Réponse au vœu du groupe SRD relatif à la proposition de loi « sécurité globale »

Intervention de Benoît Faucheux

Avec cette proposition de loi « sécurité globale », nous considérons que LREM contribue à alimenter la surenchère sécuritaire dans notre pays, sans réel fondement. C’est une loi inquiétante et malheureusement notre inquiétude ne se limite pas aux seuls articles 21, 22, 23 et 24 mentionnés par le vœu du groupe SRD, lesquels sont effectivement particulièrement liberticides.

Ces articles ont été très débattus, notamment l’article 24, ces dernières semaines. Ils autorisent à enregistrer des images, par des drones et par les agents (à l’aide de caméras-piétons). Mais surtout, ces articles permettraient de transférer en temps réel toutes ces images vers un poste de commandement et probablement de les exploiter instantanément grâce à l’intelligence artificielle. La loi ouvre ainsi la porte à un modèle de type chinois, avec un système de surveillance étendu.

Mais les écologistes s’opposent aussi par exemple à l’article 25, qui permettrait aux policiers de garder leur arme en dehors de leurs heures de services, avec des dérives possibles.

Nous sommes aussi opposés aux articles 7 à 19 qui prévoient d’accroître la privatisation du domaine de la police, avec l’extension des possibilités de recours à des polices privées, et de leurs prérogatives. Demain, des agents de sécurité privés pourraient ainsi de manière routinière contrôler votre identité, ou contrôler encore davantage certains périmètres de l’espace public.

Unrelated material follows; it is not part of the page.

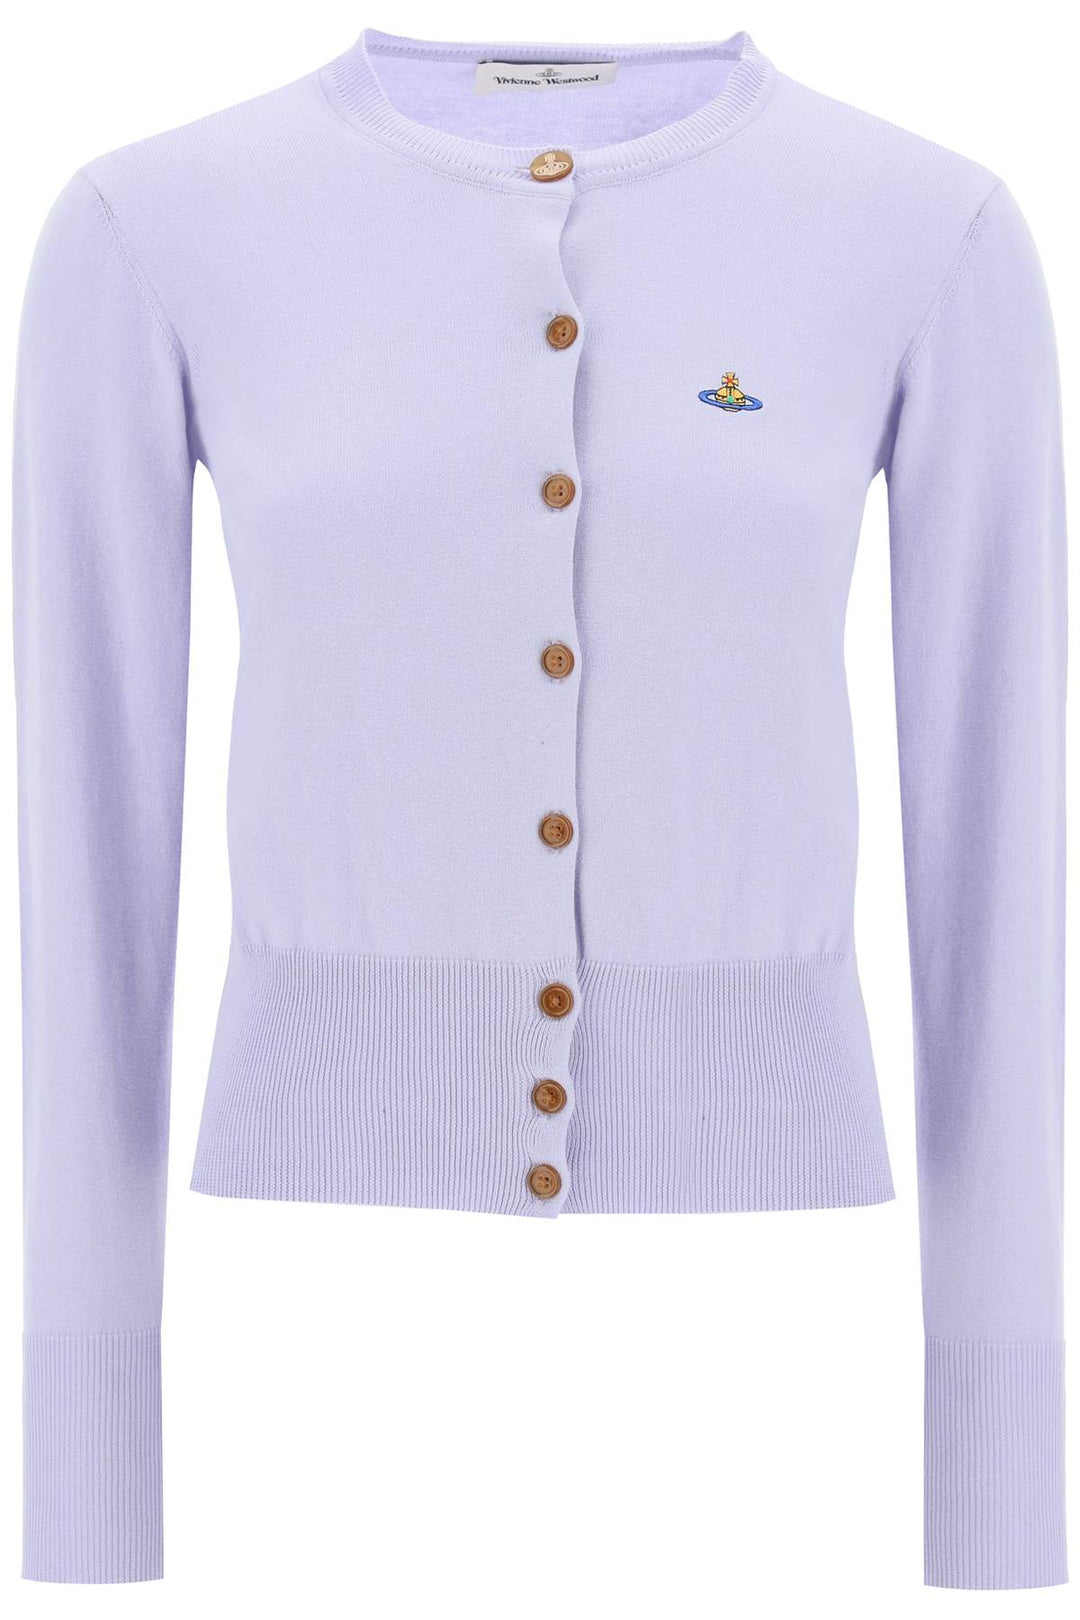 Vivienne Westwood Bea Cardigan With Logo Embroidery   Viola

Et puis, nous considérons qu’il manque à cette loi un volet formation. Les formations sont plus longues dans d’autres pays : de 24 à 36 mois contre 8 mois en France. On est passé de 12 à 8 sous le quinquennat Macron, pour des raisons pratiques : il a promis des postes, il faut les fournir, et cela nécessite d’augmenter la vitesse de la formation…

En définitive, il nous semble que c’est le retrait total de cette proposition de loi « sécurité globale » qui serait nécessaire, tant elle manque sa cible, tant elle renforce l’approche sécuritaire, tant elle renforce l’usage de la technologie au service de la sécurité et de la surveillance.

Nous souhaiterions une loi qui renoue la confiance entre la population et la police, une loi qui garantisse la tranquillité publique et la protection pour tous.

Pour en revenir concrètement à notre vote sur le vœu du groupe SRD proposant de supprimer les articles 21, 22, 23 et 24 de la proposition de loi « sécurité globale », nous exprimons bien sûr un vote favorable, même si notre opposition est plus globale.